Next, the third embodiment will be described focusing on the differences from the first embodiment. In addition, about the structure which is the same as that of the said Embodiment 1, or equivalent, while using an equivalent code | symbol, the description is abbreviate | omitted or simplified. The air conditioning system 100a according to the present embodiment is different from the air conditioning system 100 according to the first embodiment in that an air conditioning target is selected from a terminal and an input person, and conditioned air is blown out to the selected target. ing.

FIG. 24 shows an example of the operation information 131 according to the present embodiment. As shown in FIG. 24, the operation information 131 associates the identifier of the terminal, the date and time when the operation was received, the target temperature, the wind direction setting and the air volume setting, and the tracking target of the direction in which the conditioned air is blown out. It is a database in which collected data is accumulated. The initial value of the tracking target is “input person”, and is appropriately changed to “terminal” by the input person when accepting the operation.
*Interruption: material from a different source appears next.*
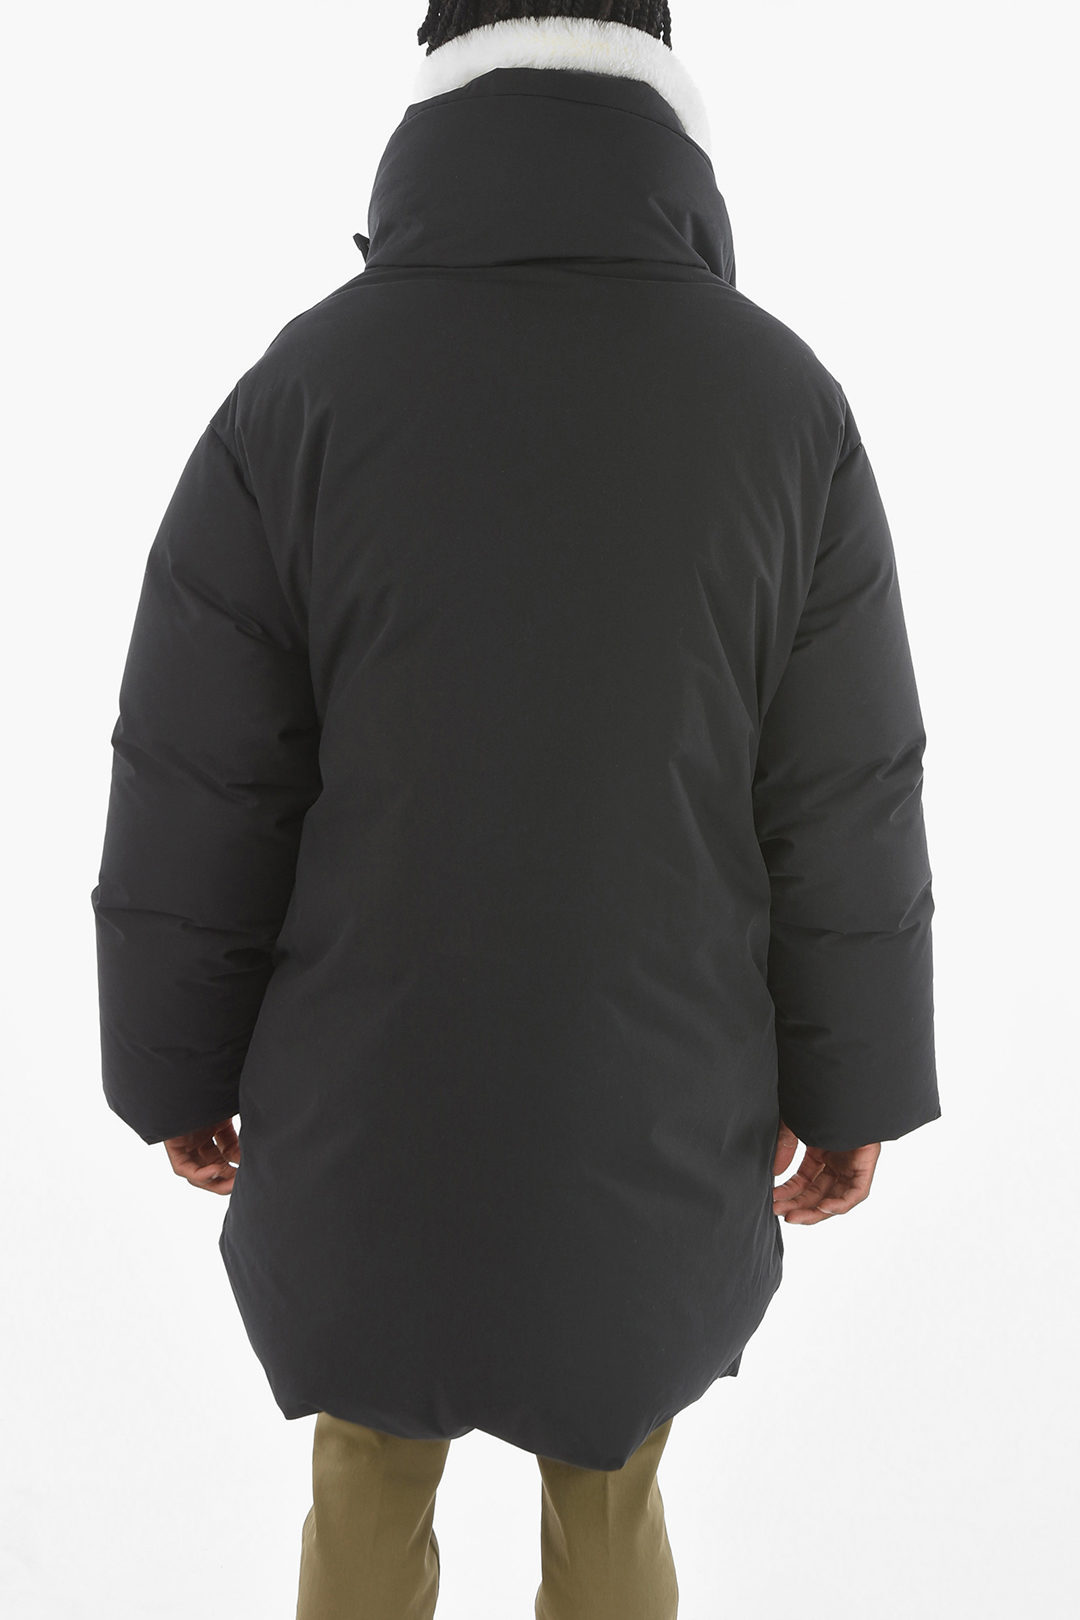 mengsel innovatie Gewend Givenchy Duck Down Parka with Contrasting Real-fur Collar men - Glamood  Outlet

Subsequently, the air conditioning process executed by the air conditioner 10 will be described with reference to FIG. As shown in FIG. 25, air conditioner 10 performs steps S1 to S4 similar to those in the first embodiment. Following step S4, the air conditioner 10 determines whether or not the air-conditioning target indicated by the operation information 131 has moved (step S7).

When it is determined that the air conditioning target has not moved (step S7; No), the air conditioner 10 repeats the processing after step S1. On the other hand, if it is determined that the air conditioning target has moved (step S7; Yes), the air conditioner 10 adjusts the direction in which the conditioned air is blown out to the direction of the air conditioning target (step S8). Thereafter, the air conditioner 10 repeats the processes after step S1.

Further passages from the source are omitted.